[Data segment Boundary: Start]
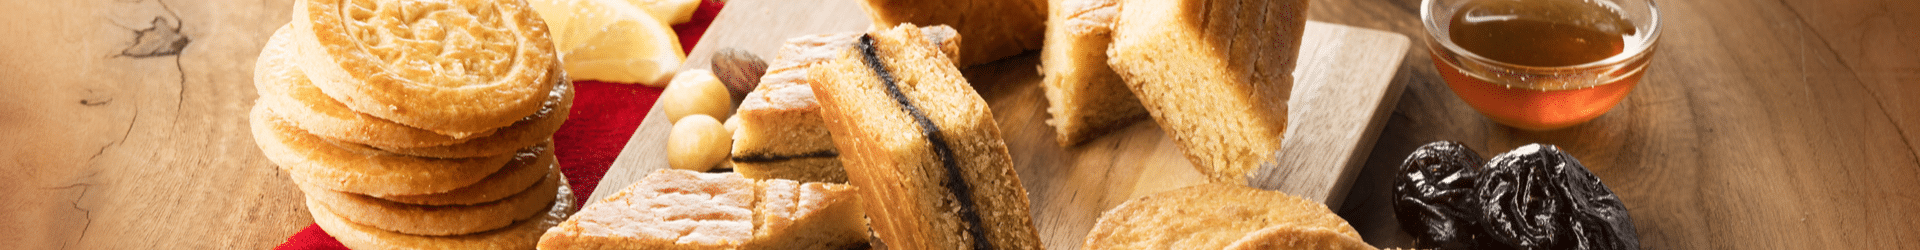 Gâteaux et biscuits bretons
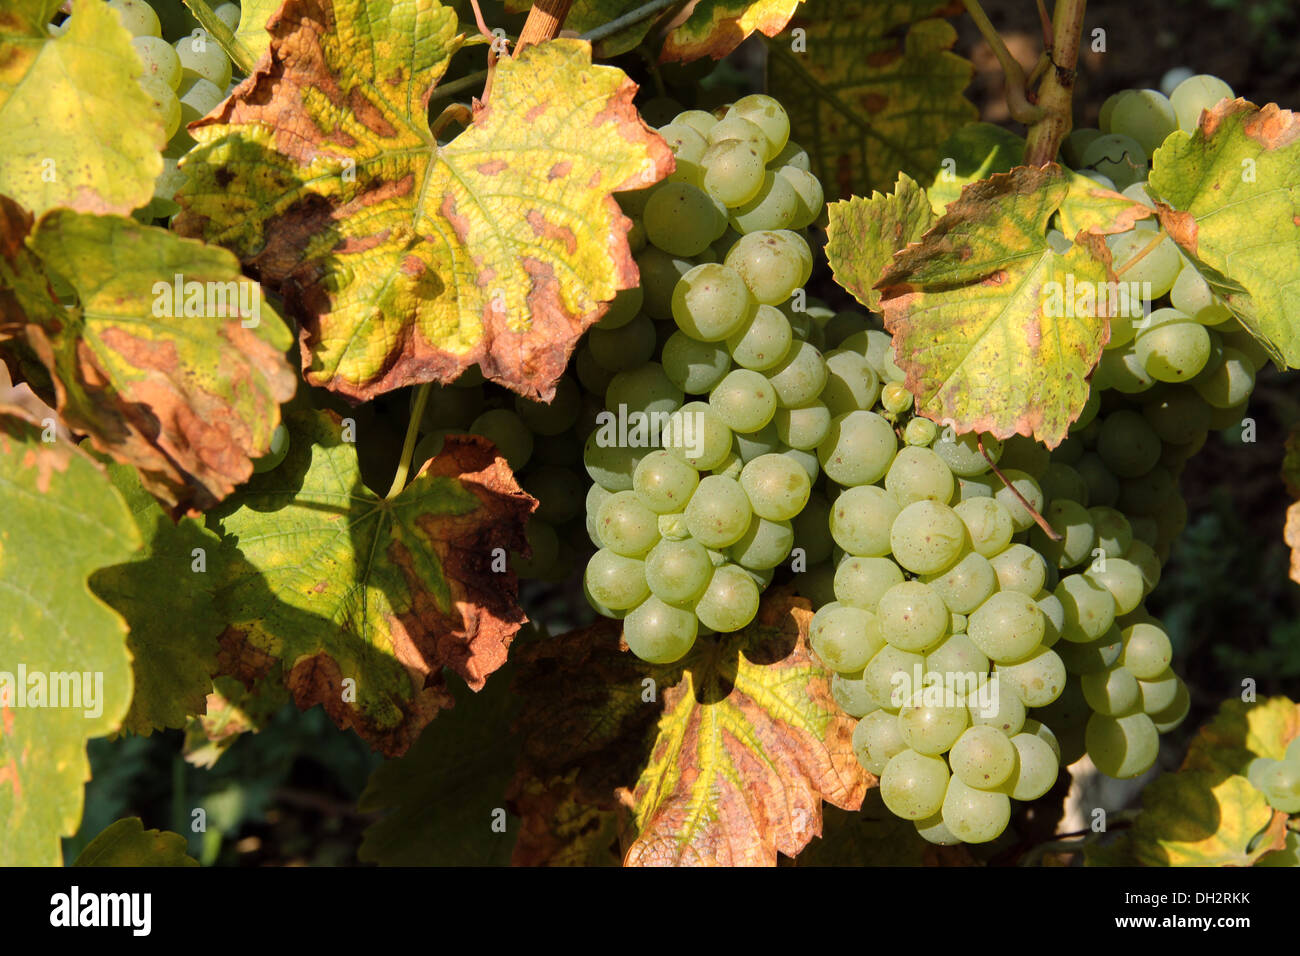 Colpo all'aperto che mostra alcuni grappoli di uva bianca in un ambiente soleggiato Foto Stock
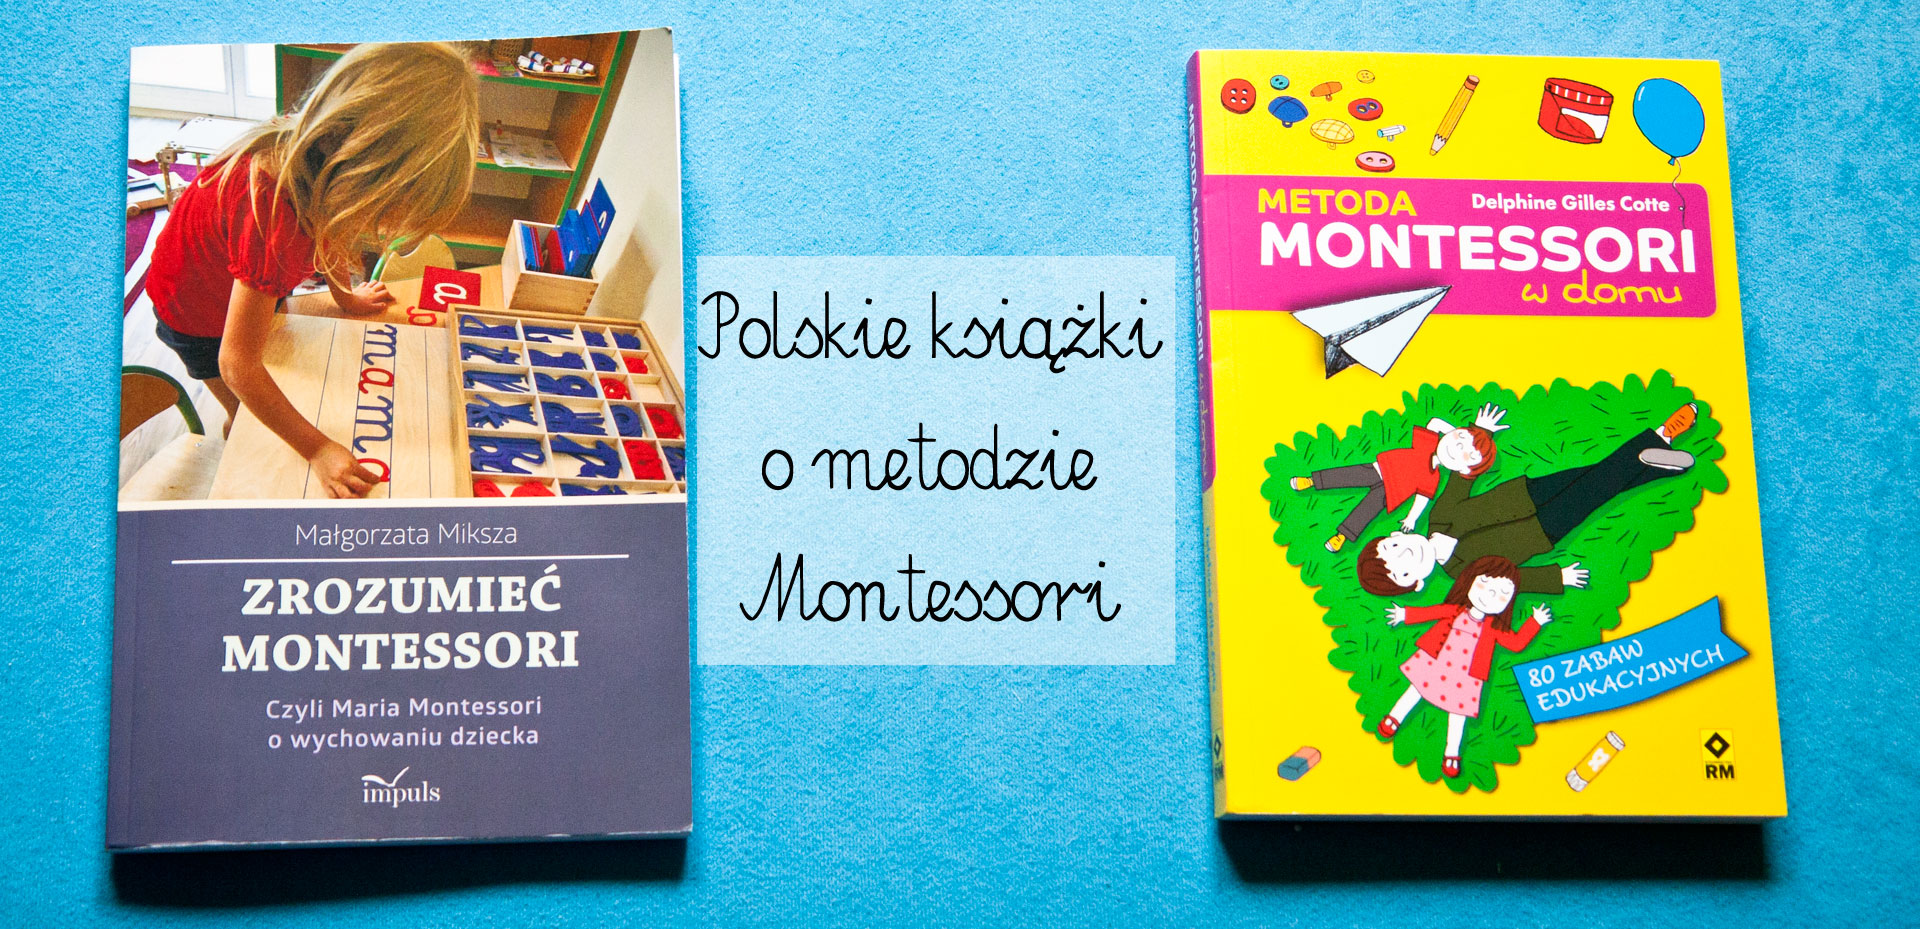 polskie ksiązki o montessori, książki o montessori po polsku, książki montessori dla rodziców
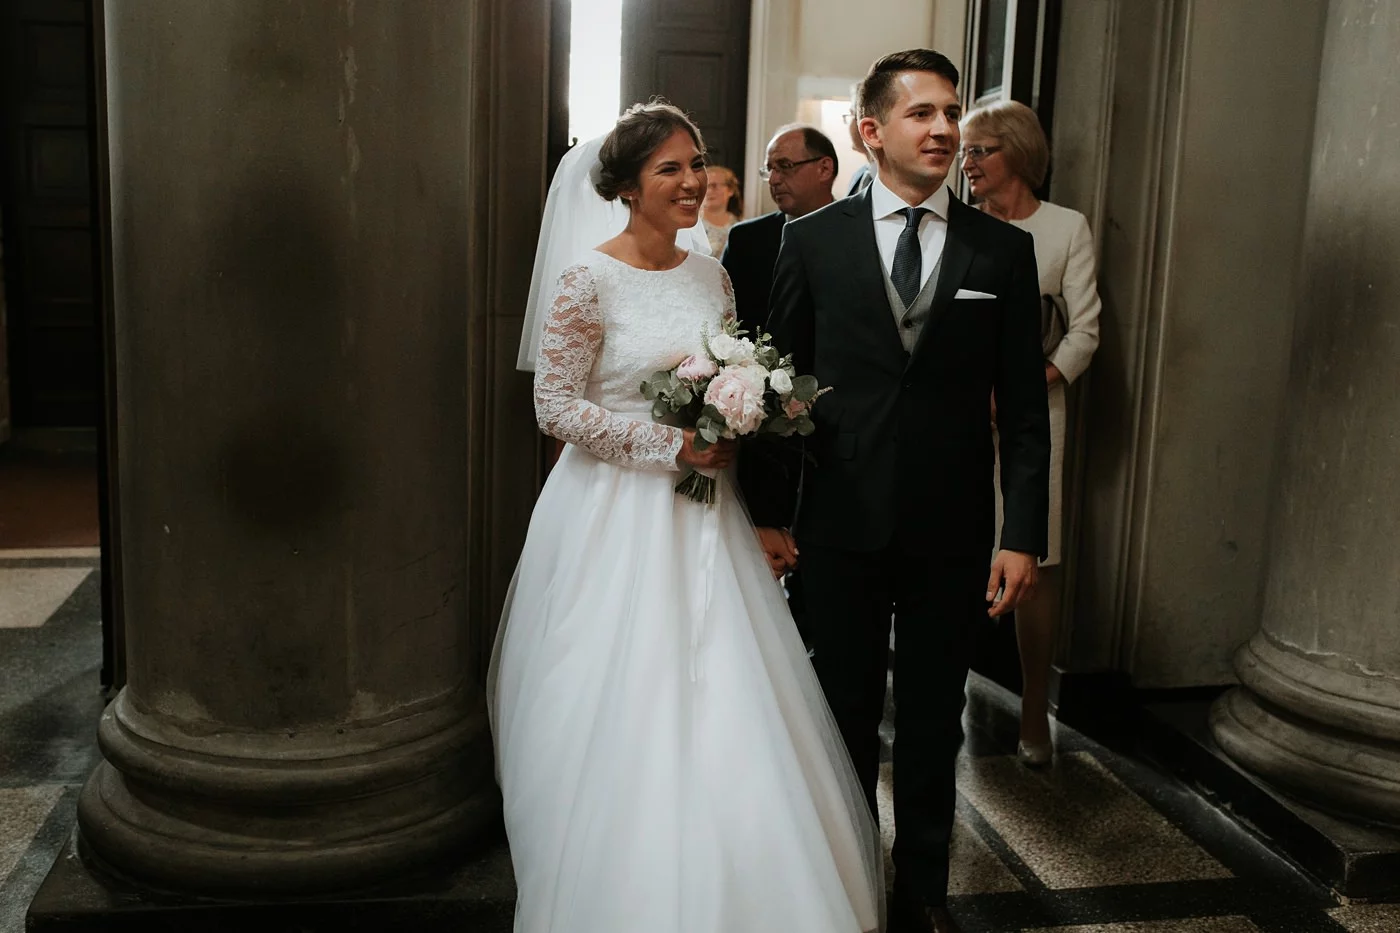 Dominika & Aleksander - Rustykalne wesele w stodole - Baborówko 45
[Data segment Boundary: End]
Work item:
Restate the data word for word and exclude every picture.

Solution to this task:
 Gâteaux et biscuits bretons
 Colpo all'aperto che mostra alcuni grappoli di uva bianca in un ambiente soleggiato Foto Stock
 polskie ksiązki o montessori, książki o montessori po polsku, książki montessori dla rodziców
 Dominika & Aleksander - Rustykalne wesele w stodole - Baborówko 45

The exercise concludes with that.